Researchers also refer to inductive research as "theory-building" because it offers hypotheses to explain patterns driving a process. It does so via broad observations while setting the groundwork for detailed testing through related deductive research.

Deductive research has a narrow focus, whereas inductive research takes a broad view.

Use case: When an organization struggles, it's often because its theory doesn't apply to real-life conditions. It needs a new, more reliable theory.

Deductive research

With deductive research, you test a chosen theory through research that determines its accuracy. This requires experimentation or observation that previous inductive research often guides.

Use case: What experiments can help a marketing team determine the kinds of messages their audience will favorably respond to?

Causal research

Causal or explanatory research analyzes the cause-and-effect relationship between variables. Researchers most often use it to assess a procedure and determine how certain changes may affect it.

Use case: What recommendations should you give if you discover a significant change in product performance? What's causing it, and why?

Action research

This research examines people's actions and determines how effective they are for a desired outcome. You can apply this technique organization-wide or to individuals. The goal is to discover the most effective course correction.

Use case: If you discover customer engagement levels are dropping, how will you determine which new actions will be more effective?

Quantitative research

Here, you quantify and represent data numerically, such as by statistics and measurements.
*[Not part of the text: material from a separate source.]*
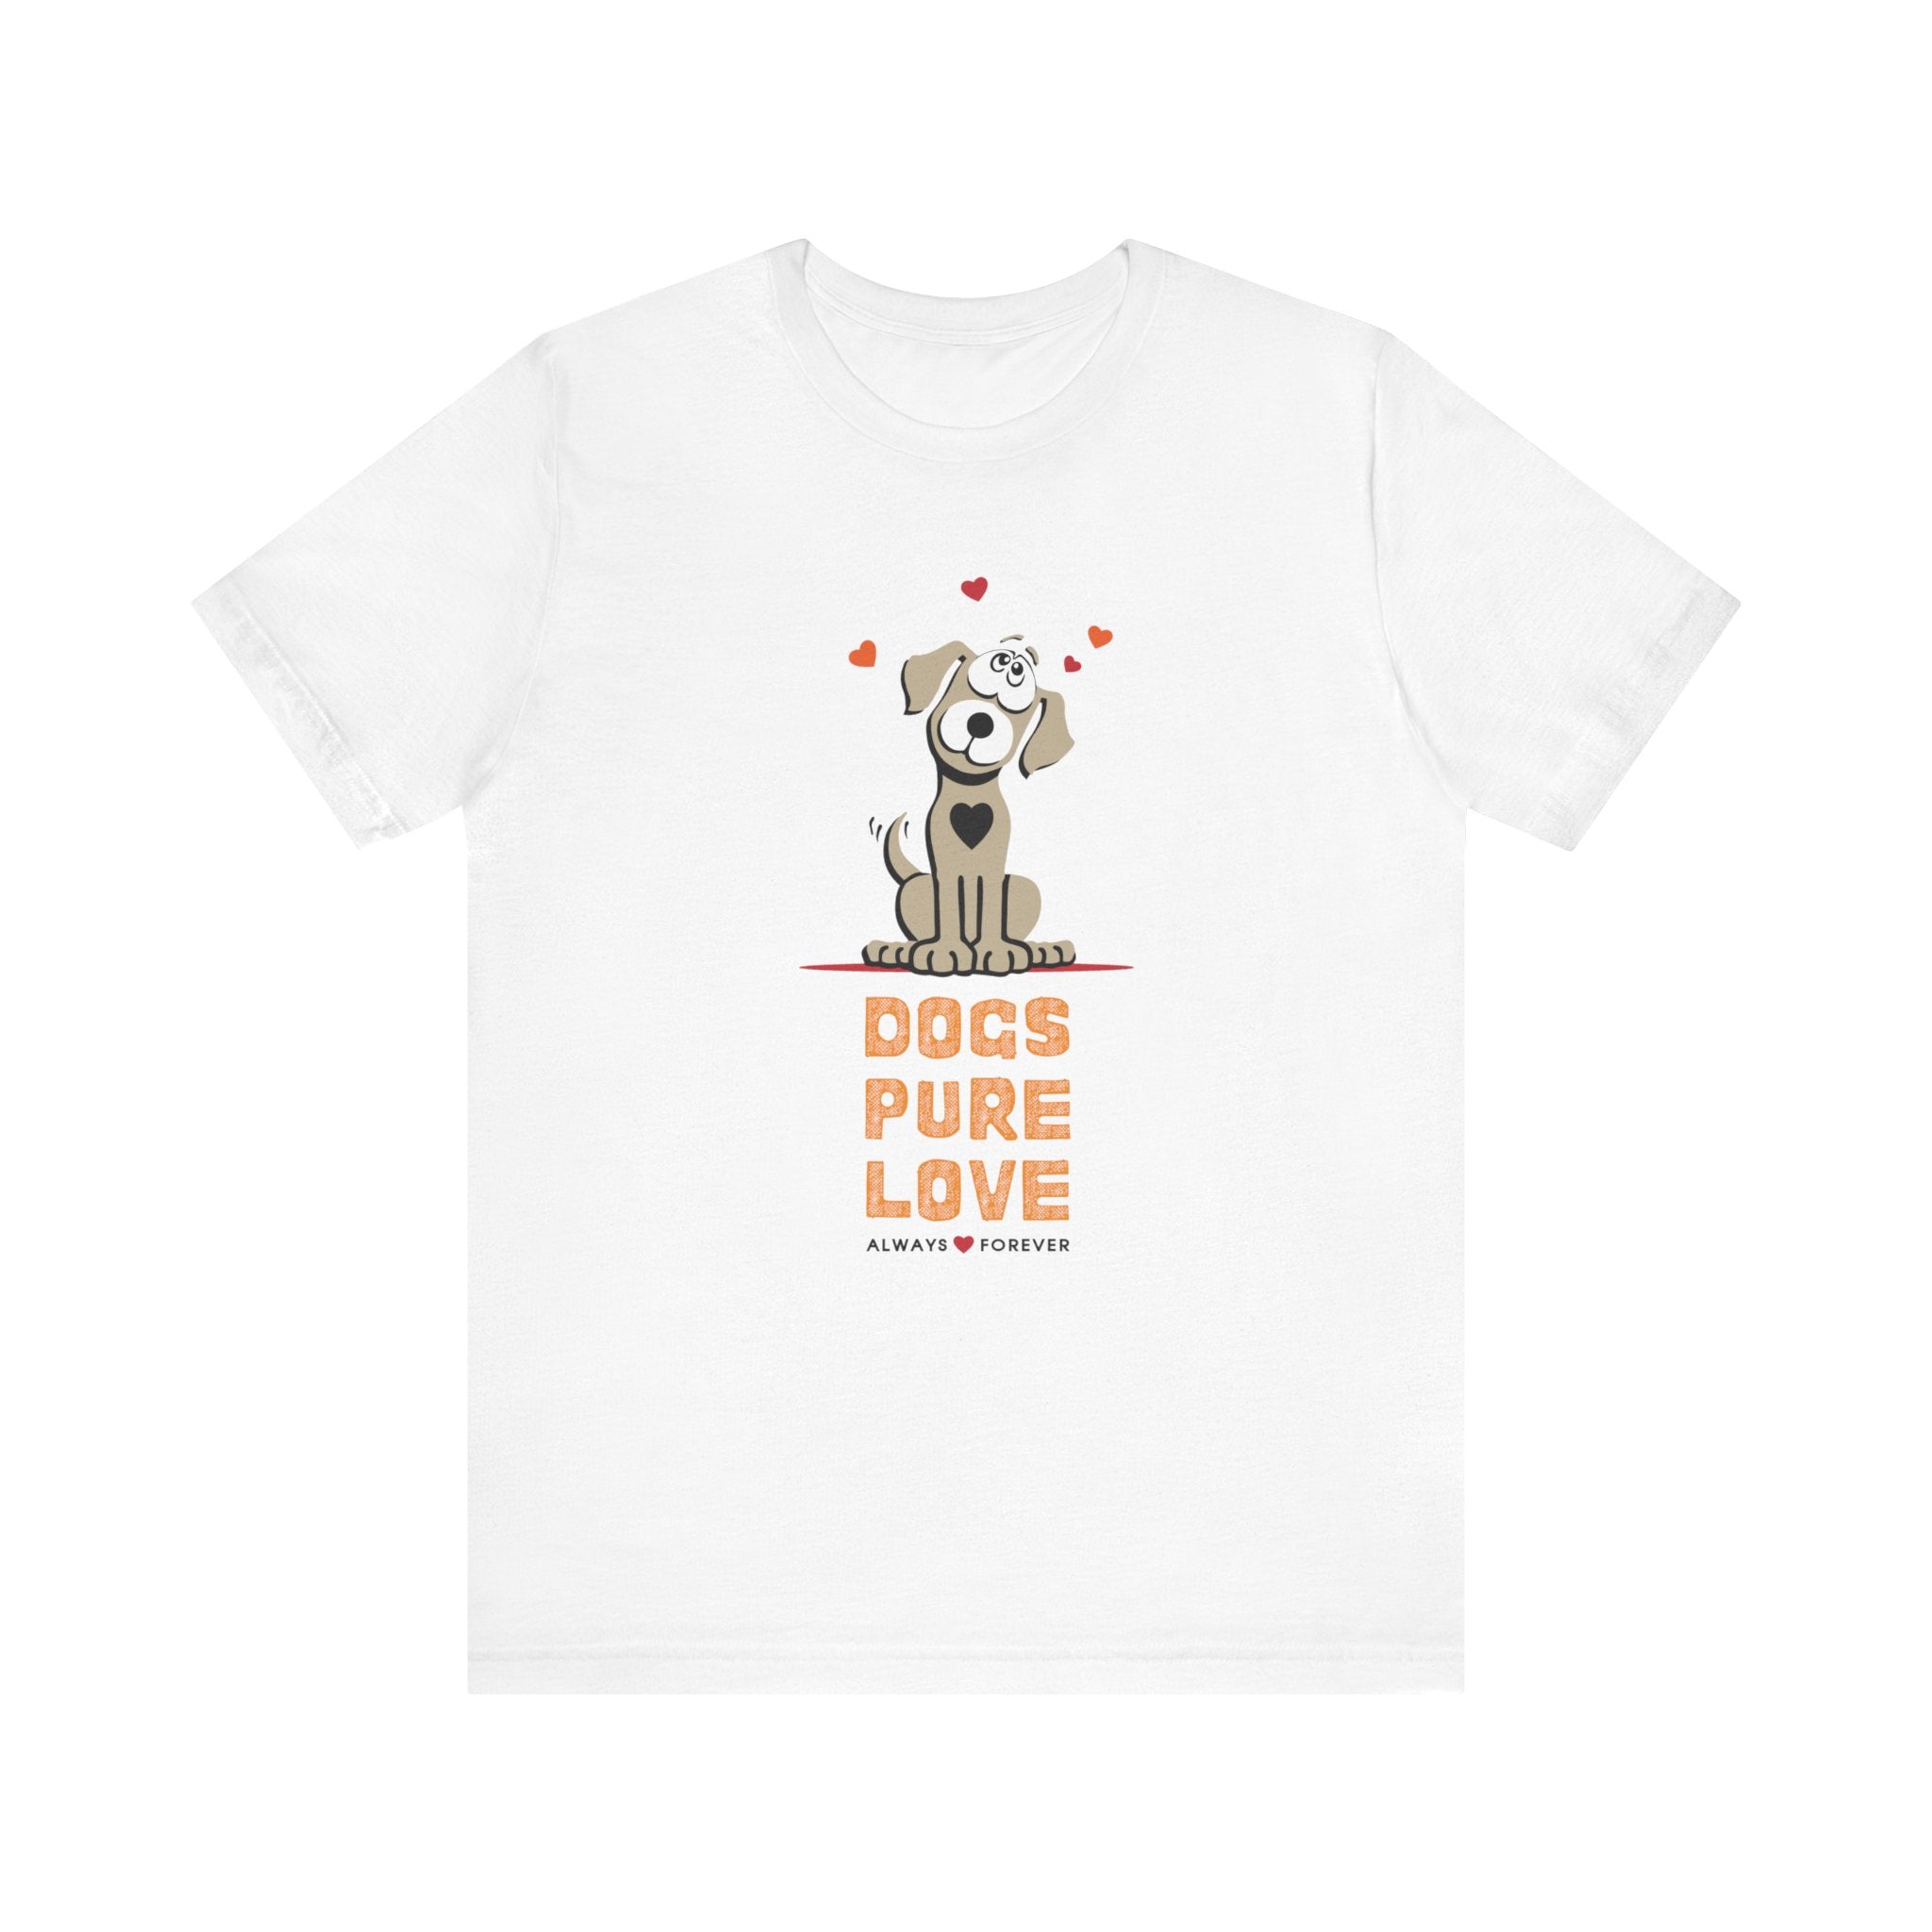 Against a white backdrop, a white unisex tee shows the Dogs Pure Love logo.
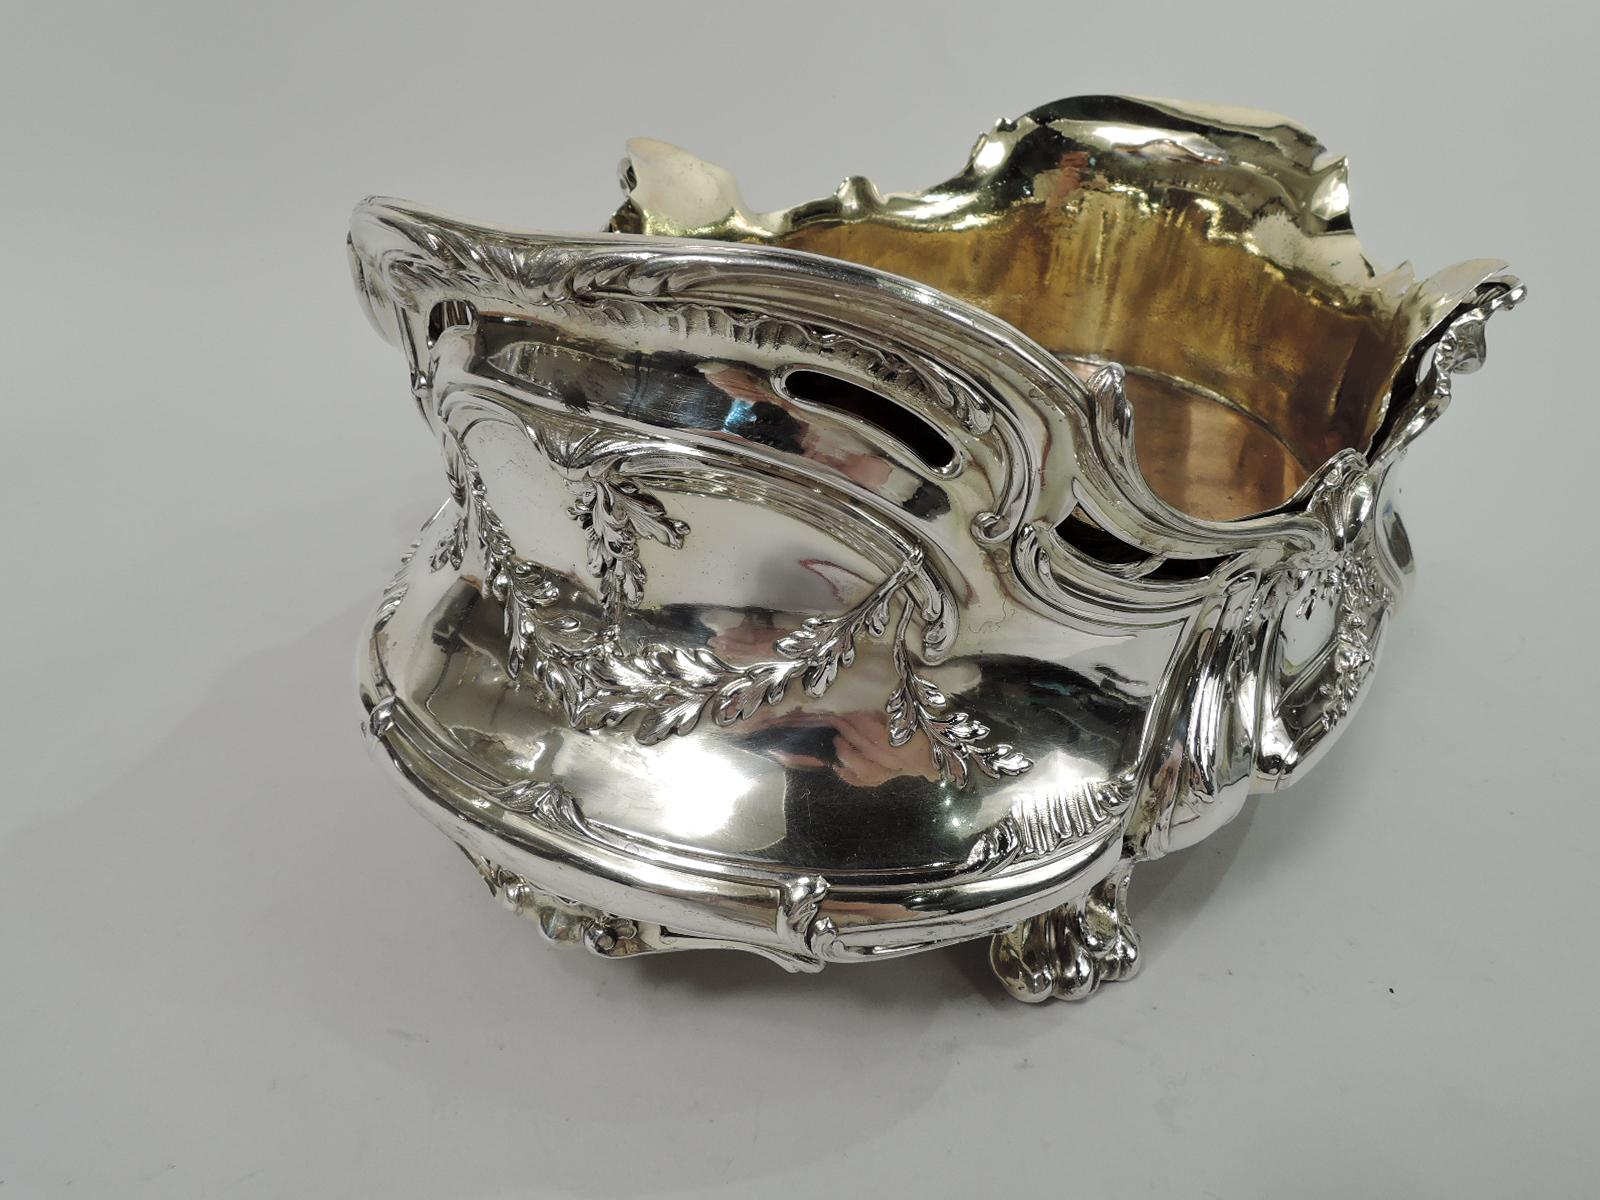 Belle Epoque Rococo 950 silver jardiniere. Made by Edmond Tetard in France, and imported to Scotland in 1898 by Edward & Sons in Glasgow. Oval and bellied with asymmetrical and open rim. Chased flowers, leaves, and shells, and leaf-bordered

Researchers often display it in graphs, tables, ratios, and other formats based on numerical values. Quantitative research seeks to answer specific questions or represent the field of study using objective data. Because you’re measuring data objectively, it speaks for itself without qualification.

In limited circumstances, language that you can measure as a number may be quantitative, such as yes-or-no answers. To a data scientist, these are as good as 1 for "yes/true" and 0 for "no/false."

Use case: Comprehensive analytics can help businesses zero in on the best KPIs for maximizing ROI when developing new products.

Qualitative research

Strictly speaking, qualitative research involves any data not measurable as a number. It includes opinions, surveys, and descriptions using language. The data is inherently qualified, and its value is based on the speaker's subjective frame of reference.

If you find something that appears as a number but has a description to qualify it, don’t assume it is purely quantitative—e.g., "X number of products are defective in the event that Y is true."

Use case: Analyzing customer comments, reviews, and discussions about your brand will require an end-to-end qualitative research process.

Mixed research

You can group quantitative and qualitative data together with a mixture of graphs, words, and images. This is useful to show how measured and descriptive data may relate to each other. 

Where quantitative shows us “what happened” and “when it happened”, mixing qualitative can support and color the same findings with “why it happened” and “how it happened”. Qualitative can add personal stories and human behavior evidence that often show how to solve the problem. 

Use case: Research deliverables or mixed media reports, which can include annotations, photos, and videos alongside infographics, statistics, and other metrics. These types of reports are more engaging and often improve the conversion of research into new decisions.

Choosing the right type of research

You've already taken a major step towards being able to choose the correct research type by learning about them. Research is much more effective and easier when it's clear what you can use different types of research for.

To zero in on the best research for your needs, ask yourself a few key questions:

  • Are you trying to take some kind of action?

  • Do you need a greater understanding of a topic before anything else?

  • Are you looking at quantitative (objective) or qualitative (subjective) data?

  • Will you need to replicate the research later?

  • Is your research project open-ended?

  • Do you wish to analyze changing factors over time or purely historical data?

  • Who else will use this research, and what are their purposes?

  • How will you compile your research and keep it organized?